1. Create index files

create .fai file

# gunzip hg38.fa.gz
# samtools faidx hg38.fa

create .dict file

#  gatk CreateSequenceDictionary R=hg38.fa O=hg38.dict

create .bwt file
This takes long time

# bwa index hg38.fa

2. Quality Control

Perform quality control of fastq files with fastqc

-t : number of threads

# real	0m51.862s
mkdir -p qc out

for file in raw/*.fastq.gz; do 
    fastqc -t 4 -o qc "$file"
done

Inspect the quality control results with multiqc

# real	0m17.672s
multiqc qc -o . -n raw_multiqc_report.html

# host http server to view the report
python -m http.server 2200 --directory $PWD
https://210.117.236.2:2200/raw_multiqc_report.html

# or open directly with firefox, movaXterm, VScode, etc
firefox multiqc_report.html

(Optionally), preprocess the fastq files with fastp.

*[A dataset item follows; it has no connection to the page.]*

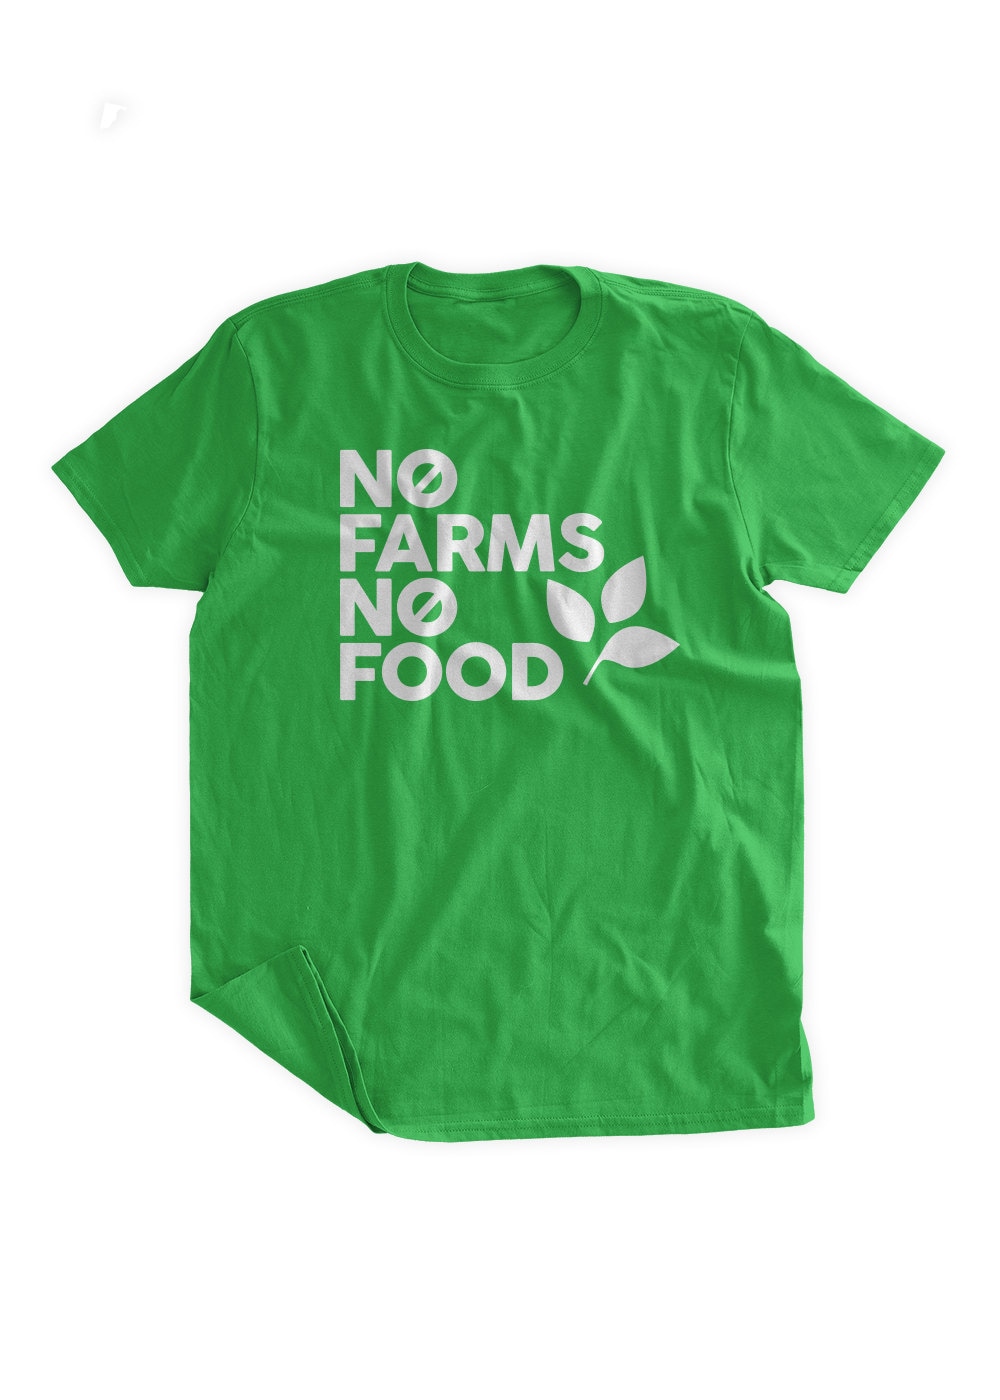 No Farms No Food T-Shirt Farming Tshirt Eat Local Farmers

But, in this case we are not going to run this code since QC metrics are already good and bwa supports soft clipping.

mkdir trimmed
fastp -i raw/SRR7138438_WES_of_homo_sapiens_subventricular_zone_of_brain_tumor_patient_1.fastq.gz -I raw/SRR7138438_WES_of_homo_sapiens_subventricular_zone_of_brain_tumor_patient_2.fastq.gz -o trimmed/SRR7138438_WES_of_homo_sapiens_subventricular_zone_of_brain_tumor_patient_1.fastq.gz -O trimmed/SRR7138438_WES_of_homo_sapiens_subventricular_zone_of_brain_tumor_patient_2.fastq.gz

(Optional) Then, re-run fastqc and multiqc for the trimmed files

mkdir reqc
for file in trimmed/*.fastq.gz; do # run this code in demo INSTEAD!!
    fastqc -t 4 -o reqc "$file"
done
multiqc reqc -o . -n trimmed_multiqc_report.html

3. Alignment to reference genome

Tip : run with tmux or screen

map to reference using BWA-MEM

# real	4m36.037s
bwa mem -Ma -t 4 \
-R "@RG\tID:Blood\tSM:Blood\tPL:ILLUMINA\tLB:ILLUMINA" \
ref/hg38.fa \
raw/subsampled_SRR7138440_WES_of_homo_sapiens_blood_of_brain_tumor_patient_2.fastq.gz \
raw/subsampled_SRR7138440_WES_of_homo_sapiens_blood_of_brain_tumor_patient_2.fastq.gz > out/Blood.sam

bwa mem -Ma -t 4 \
-R "@RG\tID:Tumor\tSM:Tumor\tPL:ILLUMINA\tLB:ILLUMINA" \
ref/hg38.fa \
raw/subsampled_SRR7138435_WES_of_homo_sapiens_tumor_of_brain_tumor_patient_1.fastq.gz \
raw/subsampled_SRR7138435_WES_of_homo_sapiens_tumor_of_brain_tumor_patient_2.fastq.gz > out/Tumor.sam

bwa mem -Ma -t 4 \
-R "@RG\tID:Svz\tSM:Svz\tPL:ILLUMINA\tLB:ILLUMINA" \
ref/hg38.fa \
raw/subsampled_SRR7138438_WES_of_homo_sapiens_subventricular_zone_of_brain_tumor_patient_1.fastq.gz \
raw/subsampled_SRR7138438_WES_of_homo_sapiens_subventricular_zone_of_brain_tumor_patient_2.fastq.gz > out/Svz.sam


# You can use for-loops
for R1 in raw/*_1.fastq.gz; do
    R2=${R1/_1.fastq.gz/_2.fastq.gz}
    SAMPLE_NAME=$(basename "$R1" _1.fastq.gz)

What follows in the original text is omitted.